LB-broth (800 ml) supplemented with ampicillin (50 mg/ml) was incubated at 37°C with 80 ml of freshly prepared seed culture of E. coli JM109 harboring recombinant pQE60. Protein production was induced by adding 0.4 mM isopropyl-β-d-thiogalactopyranoside (IPTG) to the culture media when the OD of the broth reached to 0.4–0.5 at 660 nm. Cultivation was then continued overnight. Cells were harvested by centrifugation (6,000g, 10 min at 4°C). About 2.5 g of cells (w/w) were subjected to ultrasonication by Sonifier Model 250D (Branson Sonic Power, CT, USA) to extract enzymes, The cell-free lysates were then centrifuged (10,000g, 10 min at 4°C) and each lysate was charged with 1 ml of Ni-NTA resin, which bound to the target proteins. This resin was then packed into 1 ml column and eluted with a linear gradient of 250 mM imidazole in 50 mM Na-phosphate buffer, pH 8.0 at a flow rate of 0.8 ml/min using an FPLC system (Pharmacia, Sweden). The active fractions were combined and dialyzed against 1 l of 20 mM CHES buffer, pH 9.0 for overnight at 4°C. The dialyzed enzyme solutions were reloaded onto a Q-Sepharose column (8 ml) previously equilibrated with either 20 mM CHES buffer, pH 9.0 and the enzymes were eluted with a linear gradient of 0.5 M at a flow rate of 0.5 ml/min. The homogeneity of the purified enzyme fractions was monitored by SDS poly acrylamide gel electrophoresis, and the relevant fractions were pooled and dialyzed against de-ionized water.

Enzyme assay

Crude and purified enzymes were assayed quantitatively using 0.2% of RBB-xylan (Sigma, Germany) as a substrate.
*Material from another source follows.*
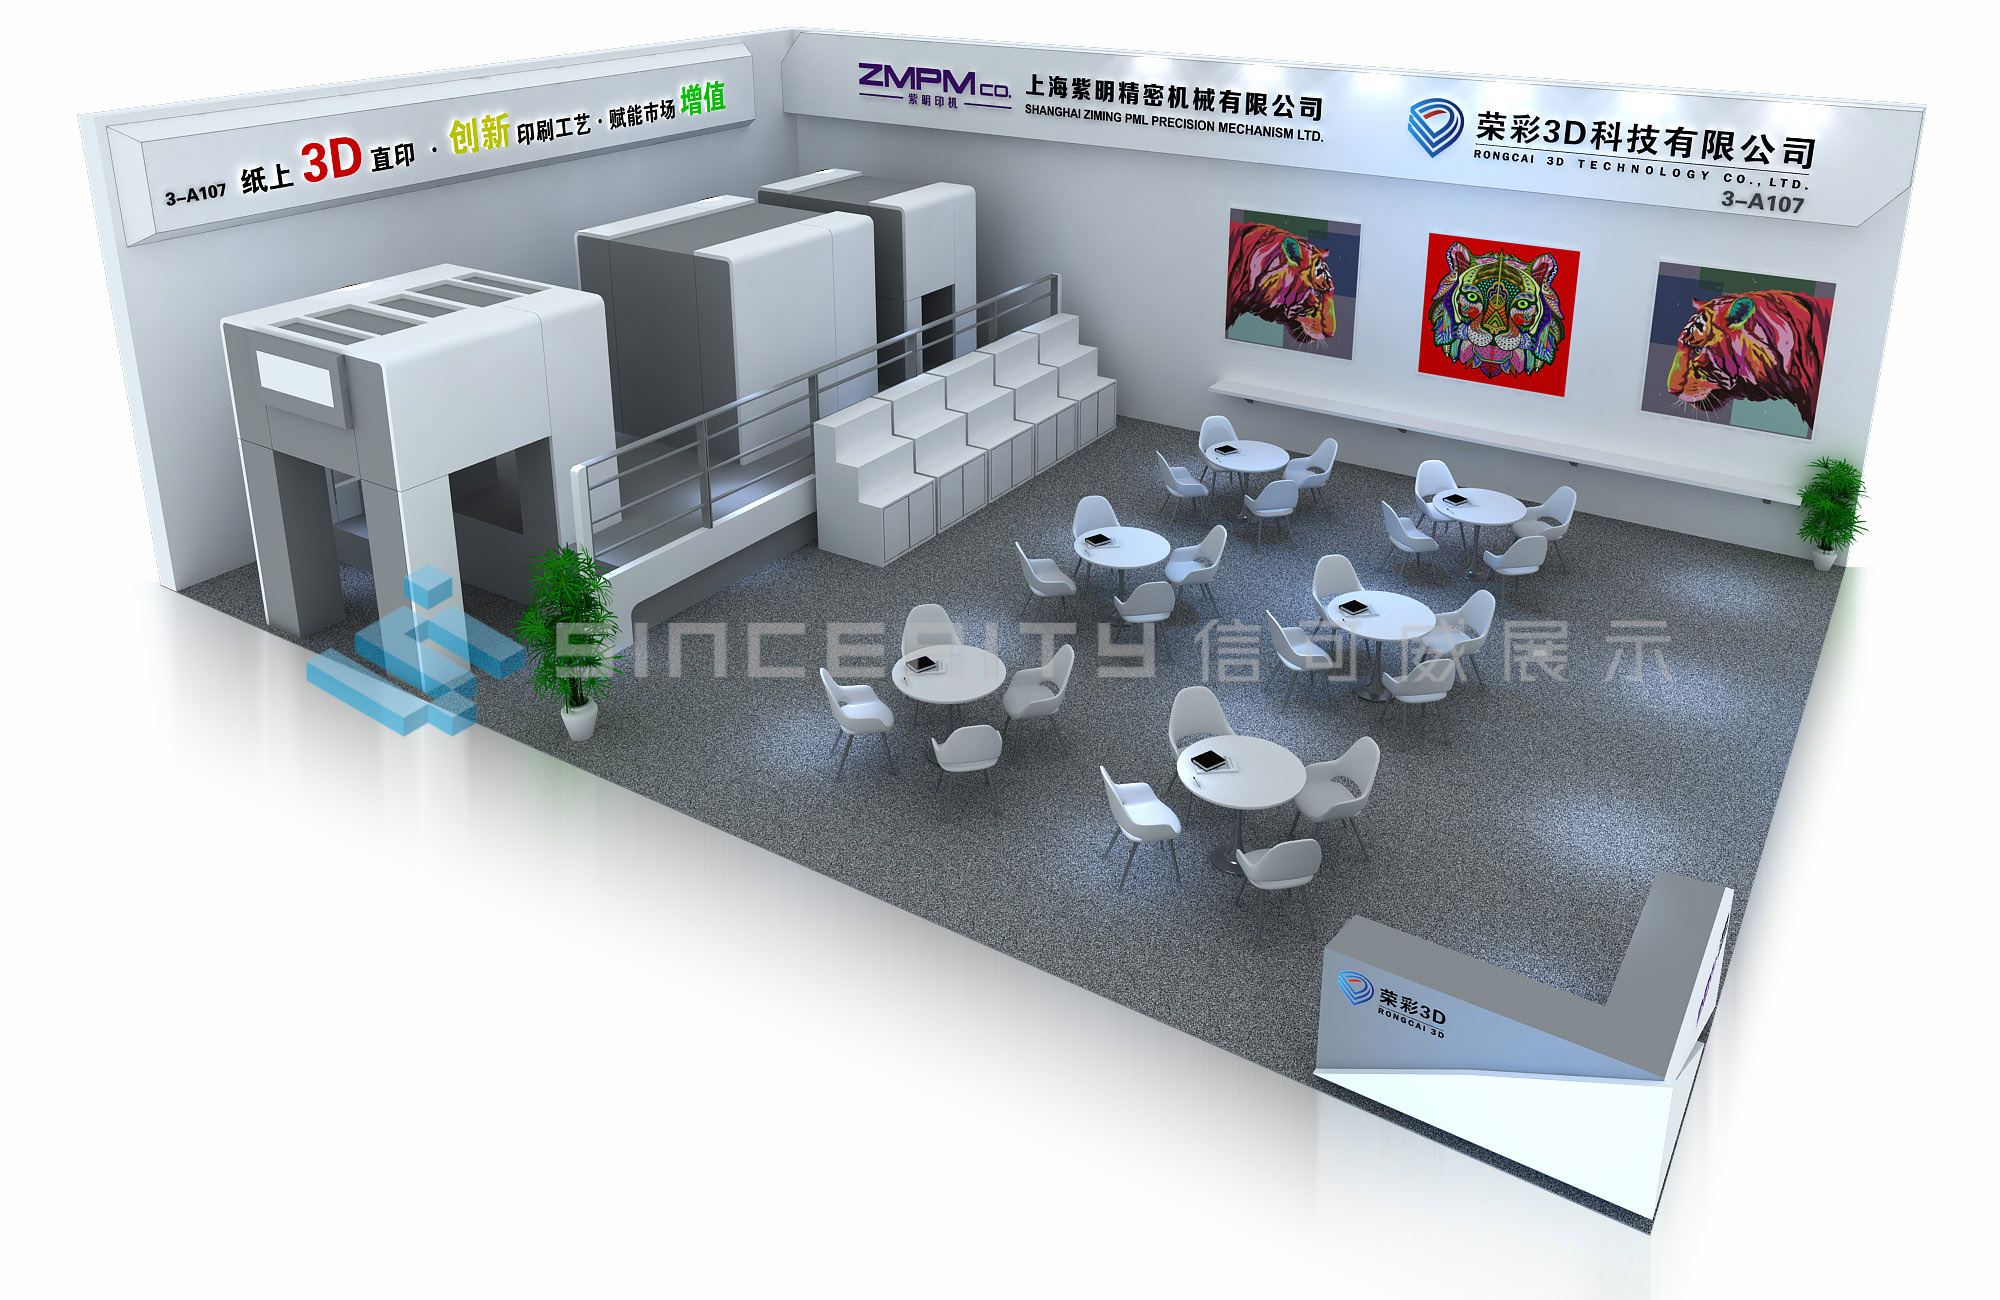 上海紫明精密机械与荣彩3D科技展台设计效果图

Concentrated enzyme solution was diluted with assay buffer, 50 mM McIlvaine, pH 7.0 (a mixture of 0.1 M Citric acid and 0.2 M Na2HPO4), to give a final concentration of 0.05 μg protein/5 μl of solution. About 5 μl of diluted enzyme was applied to a pre-warmed mixture of 20 μl of 50 mM McIlvaine buffer pH 7.0 and 25 μl of 0.4% aqueous solution of RBB-xylan and incubated at 50°C for 15 min. The reaction was stopped by addition of 100 μl of 100% EtOH and kept at room temperature at least for 15 min. The precipitated residual substrate was collected by centrifugation at 12,000g for 2 min and the OD of the supernatant was measured at 595 nm against respective substrate blanks.

Thermal and pH stability

Thermostability was tested by heating purified enzyme samples (10 ± 2 μg of protein/ml) and 50 mM McIlvaine buffer, pH 7.0, at 70°C for various periods of time. The residual activity of the treated enzymes was then measured according to the standard assay method. For determining pH stability, purified enzyme (10 ± 2 μg of protein/ml) were exposed to pH 9.0 level in 50 mM Tris–HCl buffer at 40°C for various periods of time. The residual activities of the treated enzymes were determined.
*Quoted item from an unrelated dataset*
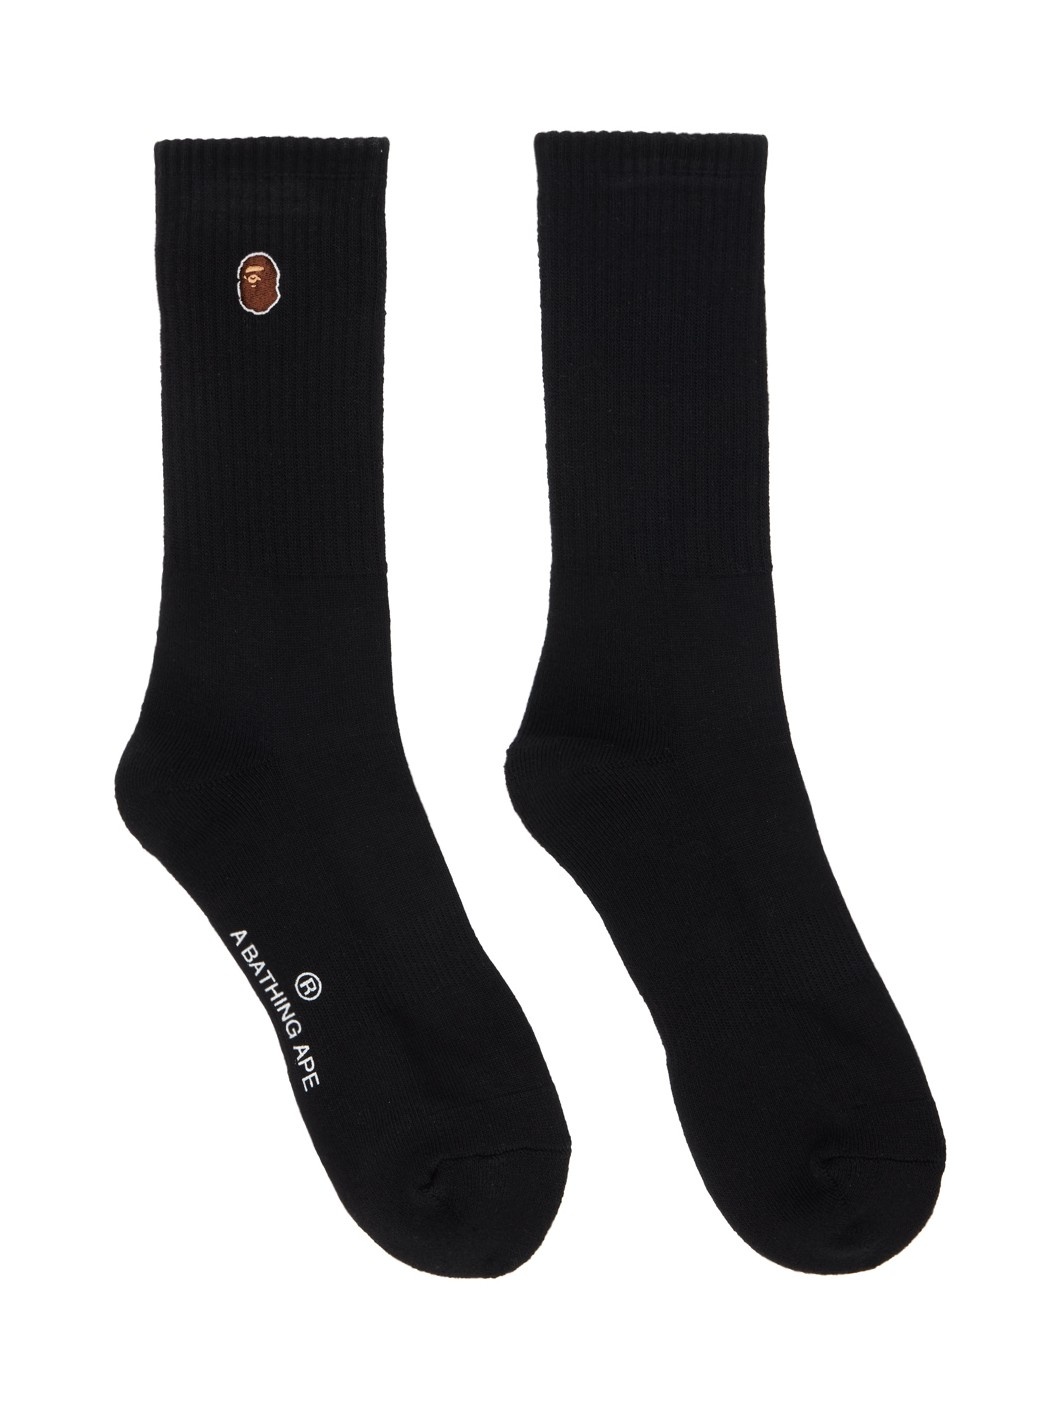 Black Ape Head Socks - 1

Analysis of kinetic parameters

Steady-state kinetic parameters were determined as described by Lawson et al. (1996). Soluble birchwood xylan, prepared as described previously (Dupont et al. 1998), was used as substrate. K m and k cat values were determined using substrate concentrations ranging from 0.4 to 10 mg/ml xylan in 30% of 0.2 M McIlvaine buffer, pH 7.0, containing 0.1% BSA. After incubation at 40°C for 30 min, the production of reducing sugar was measured by using p-hydroxybenzoic acid hydrazide (Lever 1972). Protein concentration was measured using DC Protein Assay Reagents (Bio-Rad) with BSA as the standard.

Results

Construction and screening of a mutant library

The recombinant enzyme SlxB-cat consist of 191 amino acid residues and exhibit the same activity as the native enzyme when soluble xylan is used as the substrate. SlxB is known to be composed of a catalytic domain, a binding domain and a linker region (Shareck et al. 1991). It has been reported previously that the removal of the substrate-binding domain from the native enzyme has no effect on the hydrolysis of soluble xylan (Kaneko et al. 2000). SlxB-cat was functionally expressed in E. coli and showed similar properties to those reported for the native enzyme (Kluepfel et al. 1990). Using the random-gene-shuffling technique, the DNA fragments encoding the catalytic domain of SlxB was used in the construction of a mutant library.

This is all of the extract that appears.